DES MOINES — Sex educators who gathered here last week for an annual conference have reason to be concerned. Iowa’s family planning landscape has changed, making it more difficult for teens to get needed information and services.
The Legislature’s decision last spring to forgo federal family planning money in favor of a state-run program that excludes health care organizations that offer abortion services provided a small window for officials to write rules and implement the system. Even now, three months after the system was supposed to be in place, questions remain.
The new process is time-consuming, requiring those hoping to access services to first apply at the nearest Department of Human Services or Title X office and wait for approval. A significant portion of providers listed on the department’s website have neither the capacity nor, in some cases, the capability of offering comprehensive family planning services. A handful are satellite locations, open only minutes each week or month.
Amid the shuffle, family planning clinics are closing — four Planned Parenthood locations, five St. Luke’s family planning clinics, Central Iowa Family Planning and, most recently, Northeast Iowa Community Action Health Services, which served a six-county region in the state’s northeast corner.
The curriculum used in Iowa schools to teach the benefits of abstaining or delaying sexual activity and to help sexually active teens protect themselves from disease and pregnancy offers recommendations to call health professionals or visit walk-in clinics. But for many teens in rural areas, such recommendations bring more questions than answers.
“It wasn’t that long ago that our state was chosen to be part of the Iowa Initiative that offered free, long-term contraceptives,” said Kristen Fairholm, executive director of advocacy group Eyes Open Iowa, which hosts the annual conference and works with educators, parents and faith groups throughout the year to meet a state requirement for public schools to provide age-appropriate and research-based instruction in human growth and development. “One of the reasons Iowa was chosen was because we already had a strong family planning network in place.”

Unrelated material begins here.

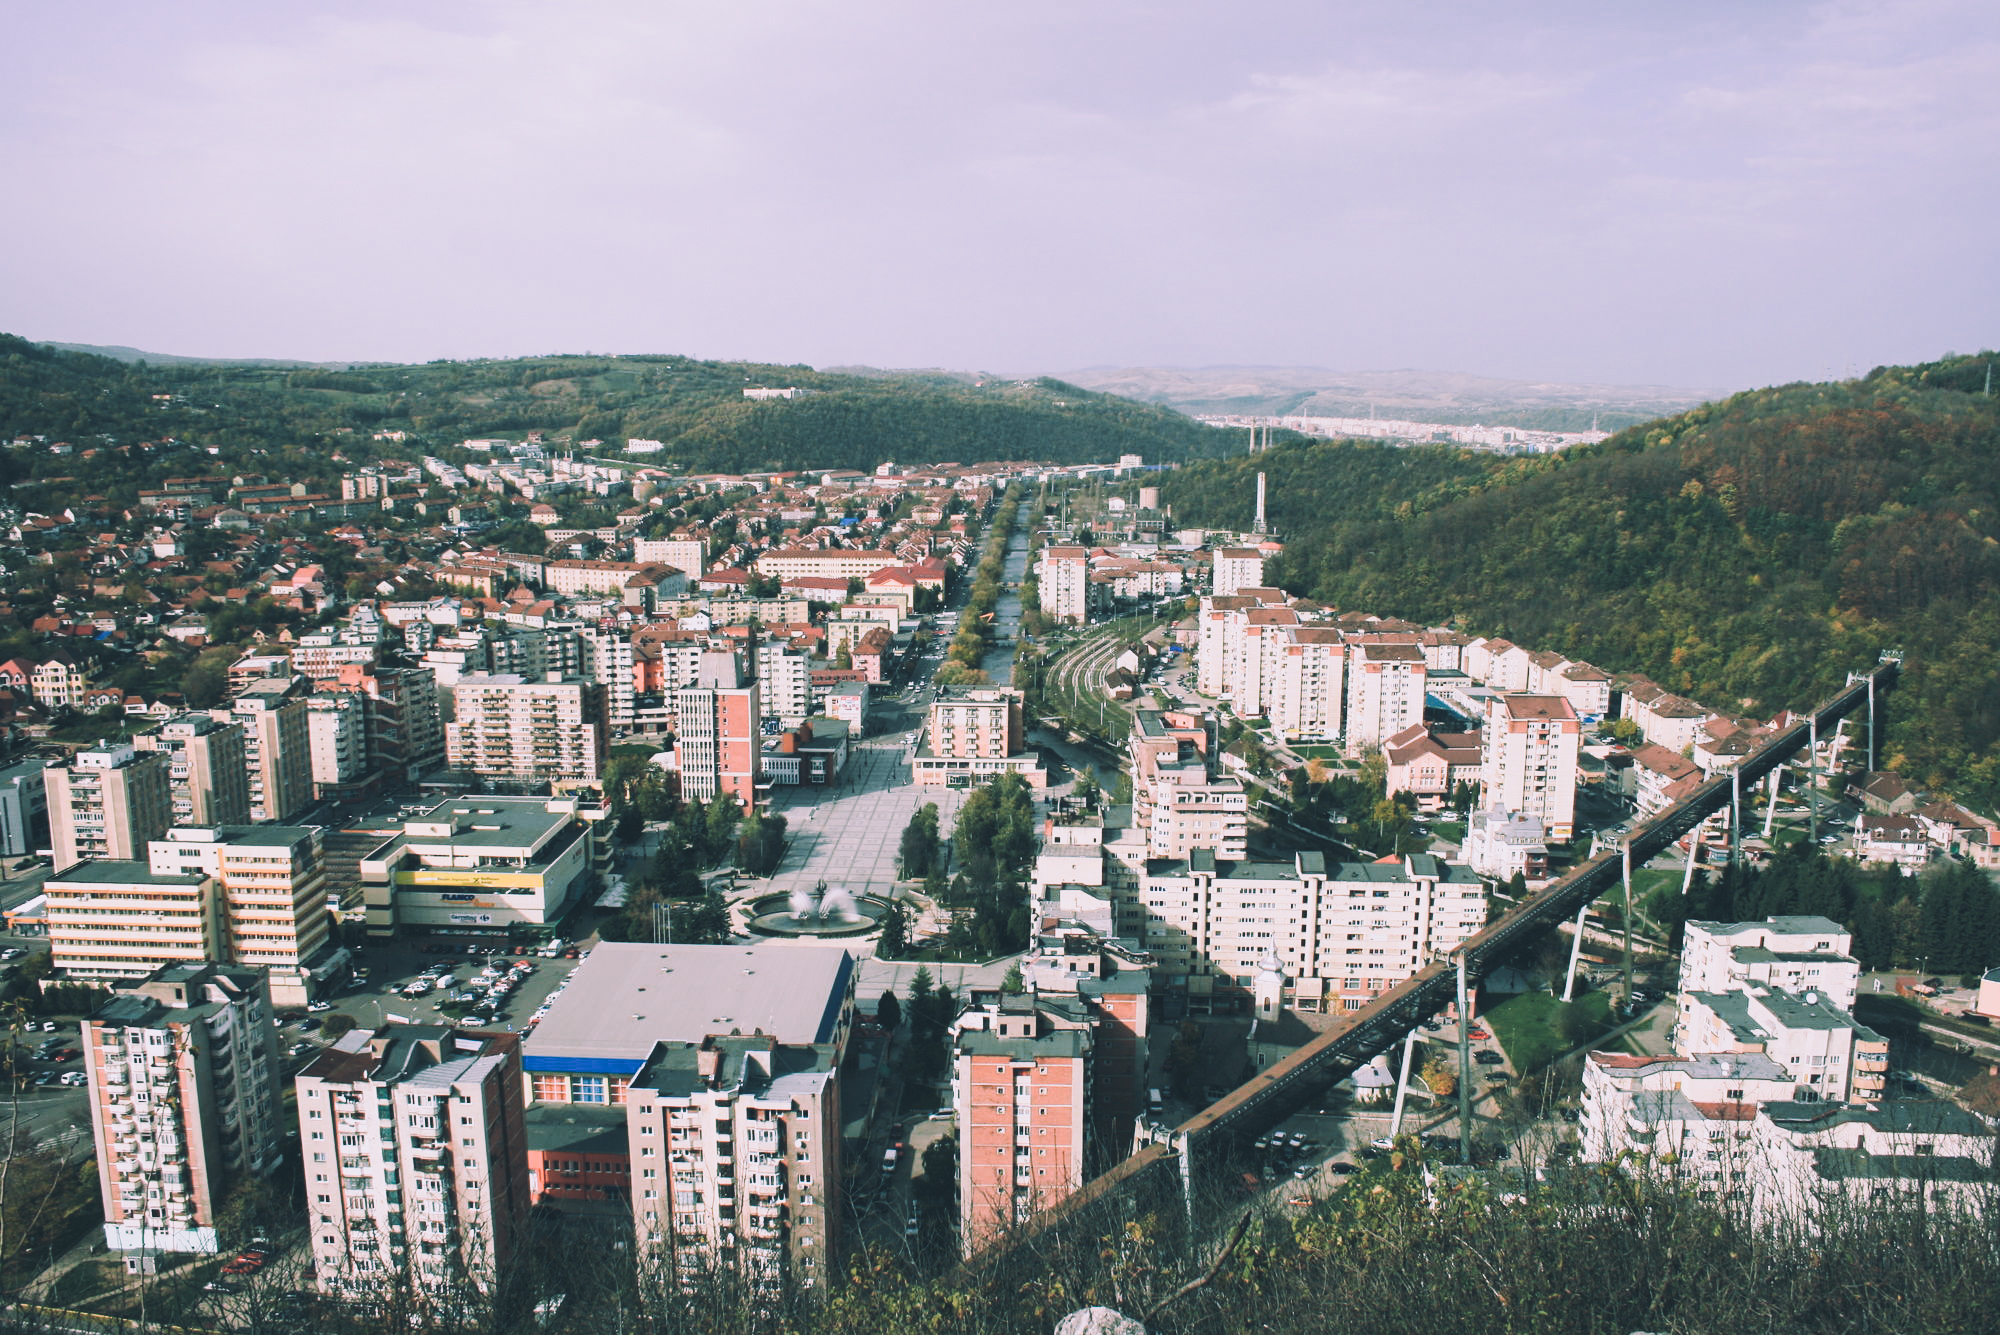 Stanescu's hometown of Resita in Romania

Fairholm thinks that landscape is becoming increasingly more challenging for teens, especially in rural areas. It’s a situation that could result in more students engaging in risky behavior, which ultimately will increase the burden on taxpayers.
We know, for instance, that children of teen moms are more likely to have additional health problems, be incarcerated at some time in adolescence, give birth as a teen and face unemployment as a young adult.
These effects persist even after adjustments are made for factors that increased a teen’s risk for pregnancy, such as growing up in poverty, having parents with low education levels, growing up in a single-parent family and having poor academic performance.
What are the chances of a child growing up in poverty if mom gave birth as a teen, if parents were unmarried when the child was born or if mom did not receive a high school diploma or GED? If just one of these factors is present, the child is 27 percent more likely to grow up in poverty. Two factors result in a 42 percent chance of poverty. And, if all three factors are present, there is a 64 percent chance.
And teens in rural areas are more likely to experience poverty and early motherhood — more so than their urban peers, despite the fact that both groups are sexually active in similar percentages.
The teen birthrate in urban areas nationally, according to the most recent data from the National Center for Health Statistics, is about 18.9. In counties with fewer than 50,000 people, which includes 89 of Iowa’s 99 counties, the rate is 30.9.
From 1990 to 2010, as access to comprehensive and research-based sexual education and reproductive health care services expanded, pregnancy and birthrates among urban teens dropped 49 percent nationally. In suburban areas, it dropped 40 percent. But in rural counties the rate declined 32 percent. Not only are rural teens more likely to give birth, they’re more likely to have subsequent births still as a teen.
When researchers spoke with rural teens, they learned there is hesitation to seek contraceptives or help with reproductive health at local family physician offices due to a lack of privacy and a fear of moral reprimand. As a result, they often rely on peers for information on sex, and too often downplay their risk for sexually transmitted infection and pregnancy.
Such factors were taken into account when federal lawmakers and health officials crafted procedures surrounding family planning funding. Unfortunately, state officials can’t say the same.